G.R. No. 176263             December 24, 2008

PEOPLE OF THE PHILIPPINES, appellee,
vs.
MICHAEL MURO, appellant.

D E C I S I O N

CARPIO MORALES, J.:

Michael Muro (appellant) was, by Information filed on July 4, 2000 before the Regional Trial Court (RTC) of Mandaluyong City, charged for "rape in relation to violation of Republic Act 7610 [sic]"1 as follows:

That on or about the 29th day of June 2000, in the City of Mandaluyong, Philippines, a place within the jurisdiction of this Honorable Court, the above-named accused, with lewd designs, and by force and intimidation lie and have carnal knowledge with one [AAA], a girl under thirteen (13) years of age against her will and consent, acts which are prejudicial to her normal growth and development.2

The private complainant AAA, a deaf-mute, gave the following account with the assistance of a sign language interpreter3 at the witness stand:

At around 10:30 in the evening of June 29, 2000, while she, then of 13 summers and a Grade III pupil, was outside her house in Barangay Hulo, Mandaluyong City watching people pass by, appellant, whom she identified in open court4 and who was 22 years old at the time,5 tapped her and wrote something on his hand which she could not understand. He then gestured to her to go with him, but she refused. He thereupon grabbed her and despite her resistance, he brought her to a vacant lot along J. Rizal Street in Mandaluyong that had a lot of trees and water. She accidentally tripped and fell to the ground. He at once undressed himself and then undressed her. While she resisted, appellant got mad at her and then inserted his penis into her vagina. He thereafter put on his clothes and left.

She did not go home immediately as she was afraid. She spent the night sleeping at a "stranger’s" house. The following day, she was picked up by a person on board a motorcycle who brought her to the barangay hall. Soon after, her mother BBB arrived together with appellant. She then informed the police what had happened to her and pointed to appellant as the culprit.

AAA underwent physical examination a day after the alleged commission of rape or on June 30, 2000 by Dr. Felimon Porciuncula who arrived at the following6

FINDINGS:

GENERAL AND EXTRAGENITAL:

Fairly developed, fairly nourished, light built and coherent female subject. Breasts are conical with pinkish brown areola and nipples from which no secretions could be pressed out. Abdomen is flat and soft.

GENITAL:

There is scanty growth of public hair. Labia majora are full, convex, and coaptated with pinkish brown labia minora presenting in between. On separating the same disclosed an elastic, fleshy-type hymen with deep healed lacerations at 3, 6, and 9 o’clock positions. External vaginal orifice offers strong resistance to the introduction of the examining index finger.

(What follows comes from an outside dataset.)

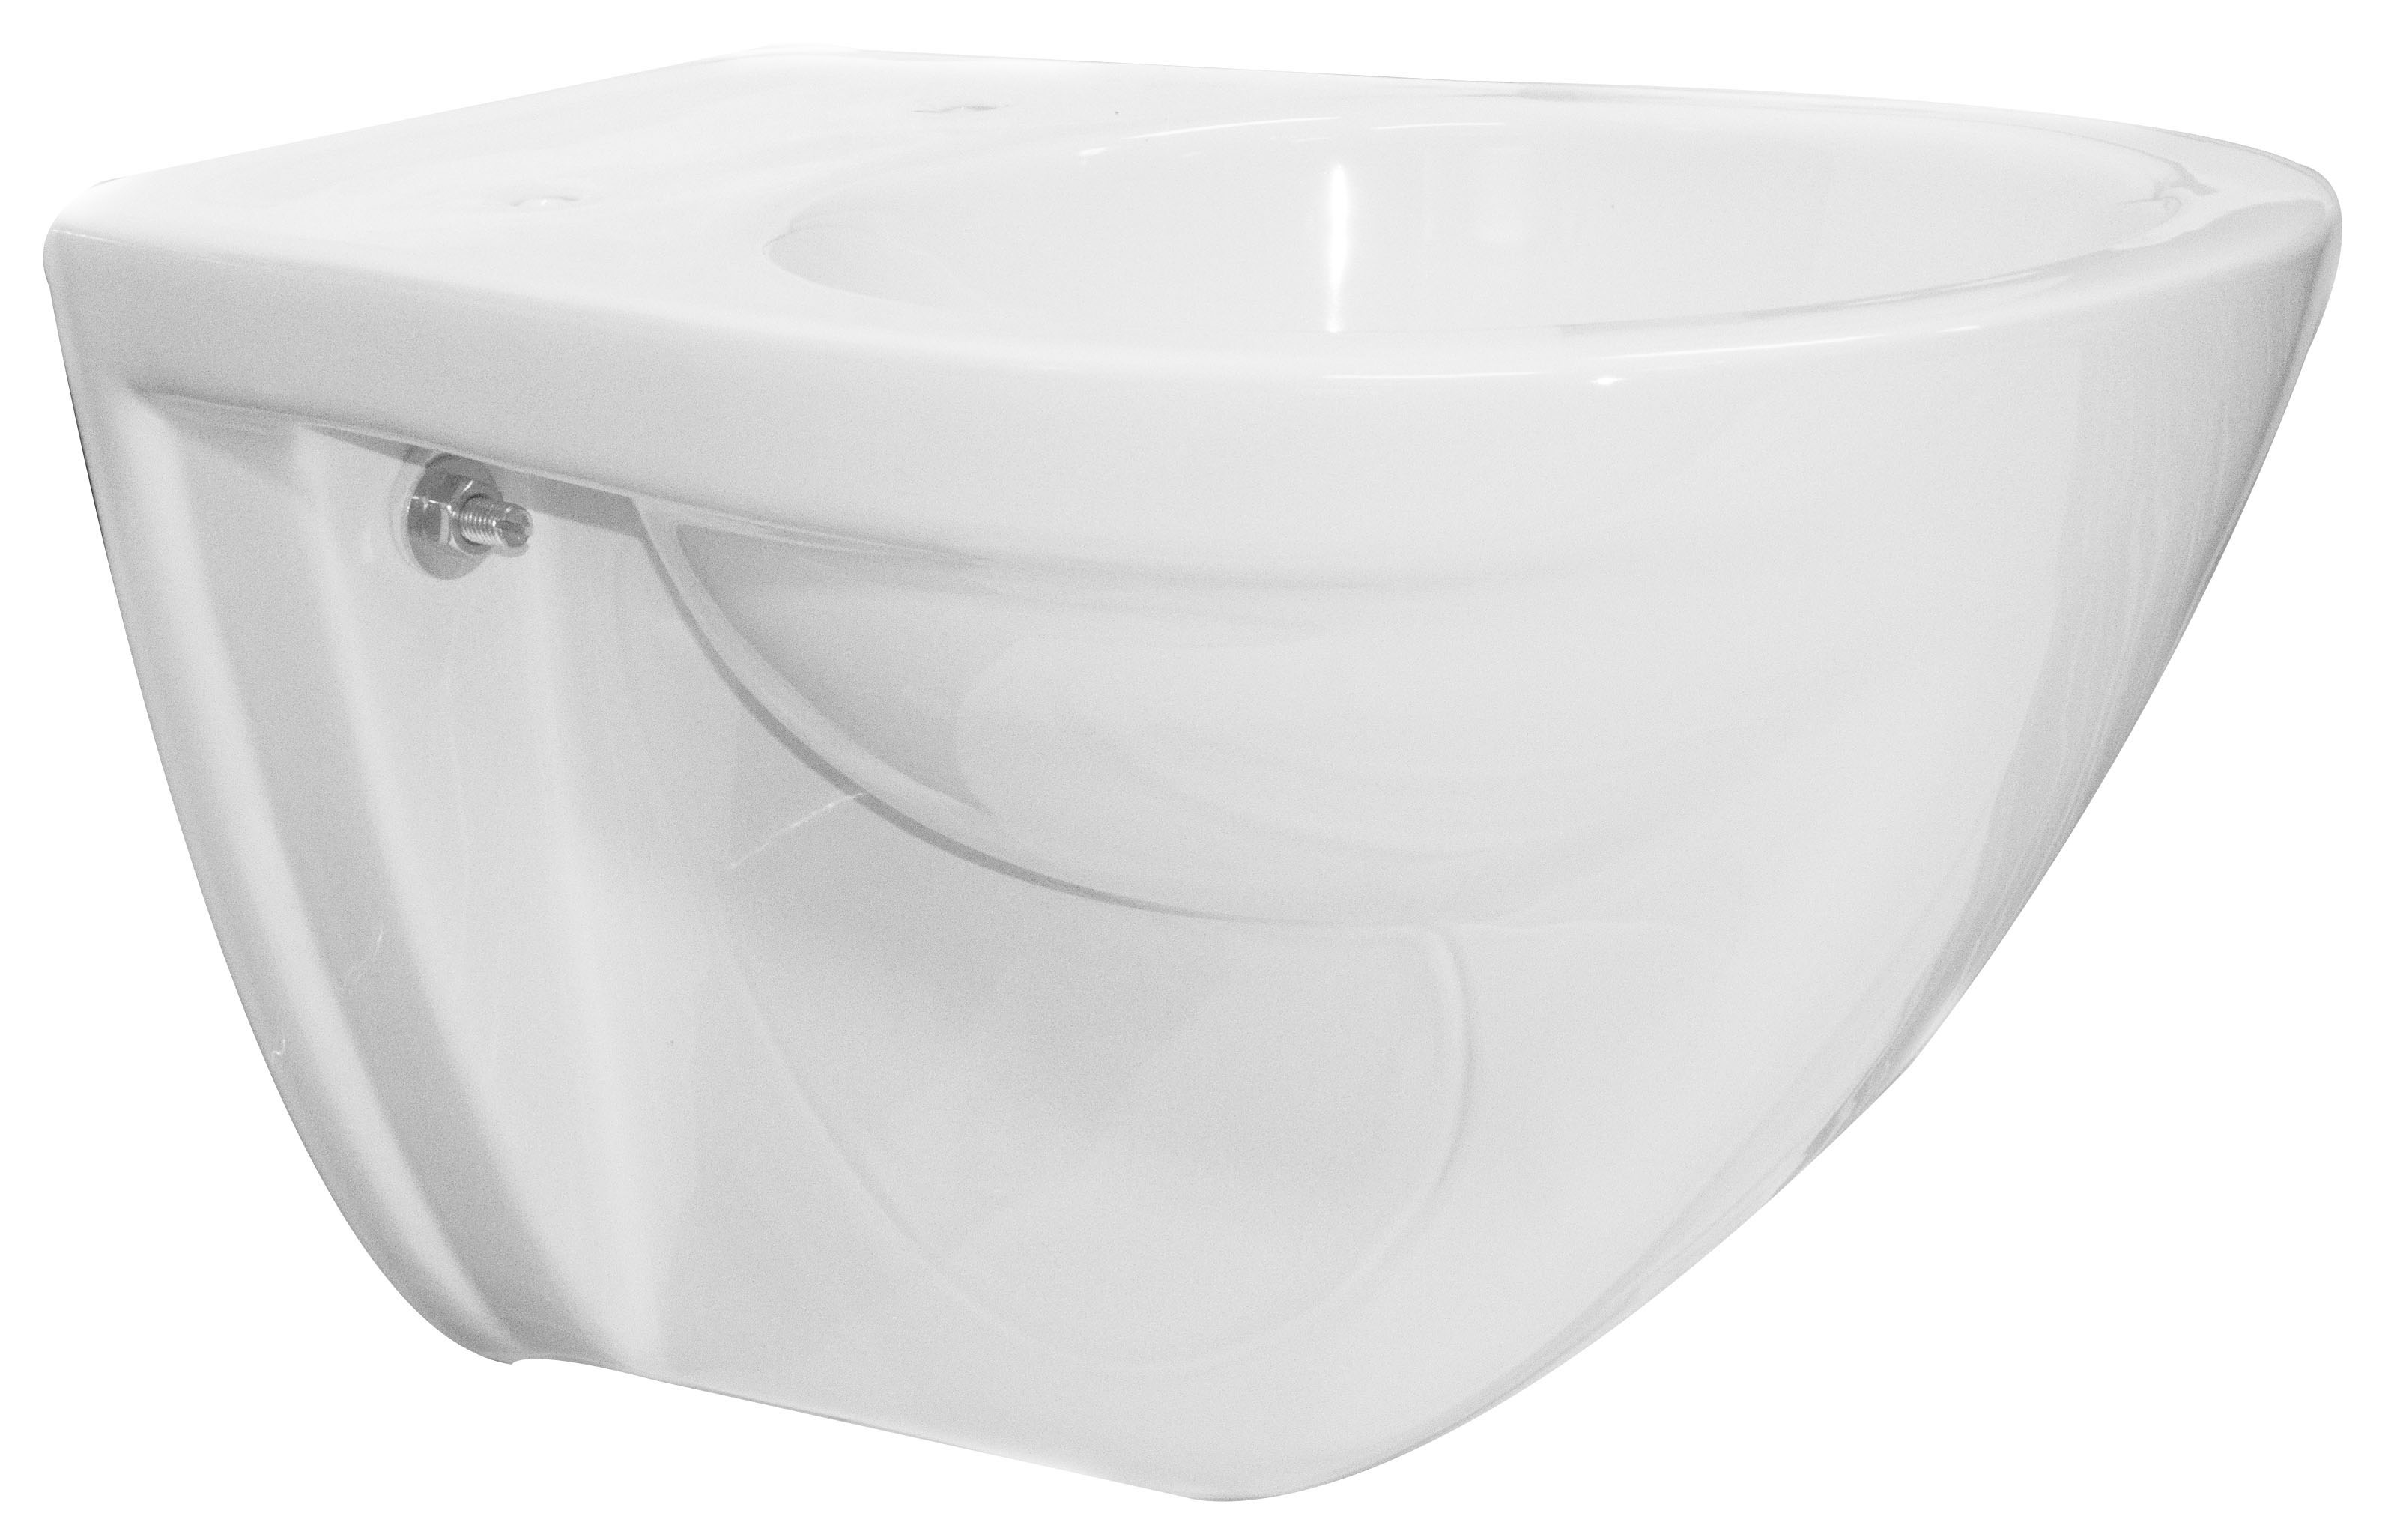 Vlakspoel Toilet Hangend : ▷ hangend toilet vlakspoel kopen online internetwinkel

Vaginal canal is narrow with prominent rugosities. Cervix is firm and closed.

CONCLUSION:

Subject is in non-virgin state physically.

There are no external signs of application of any form of physical trauma.

REMARKS:

Vaginal and peri-urethral smears are NEGATIVE for gram-negative diplococci and for spermatozoa.7 (Underscoring supplied)

At the witness stand, the doctor opined that the first laceration occurred two weeks earlier, and while he found no fresh laceration, he opined that if the object inserted into the sex organ of AAA was of the same size as that inserted previously, no fresh laceration would occur8 even if the insertion occurred recently.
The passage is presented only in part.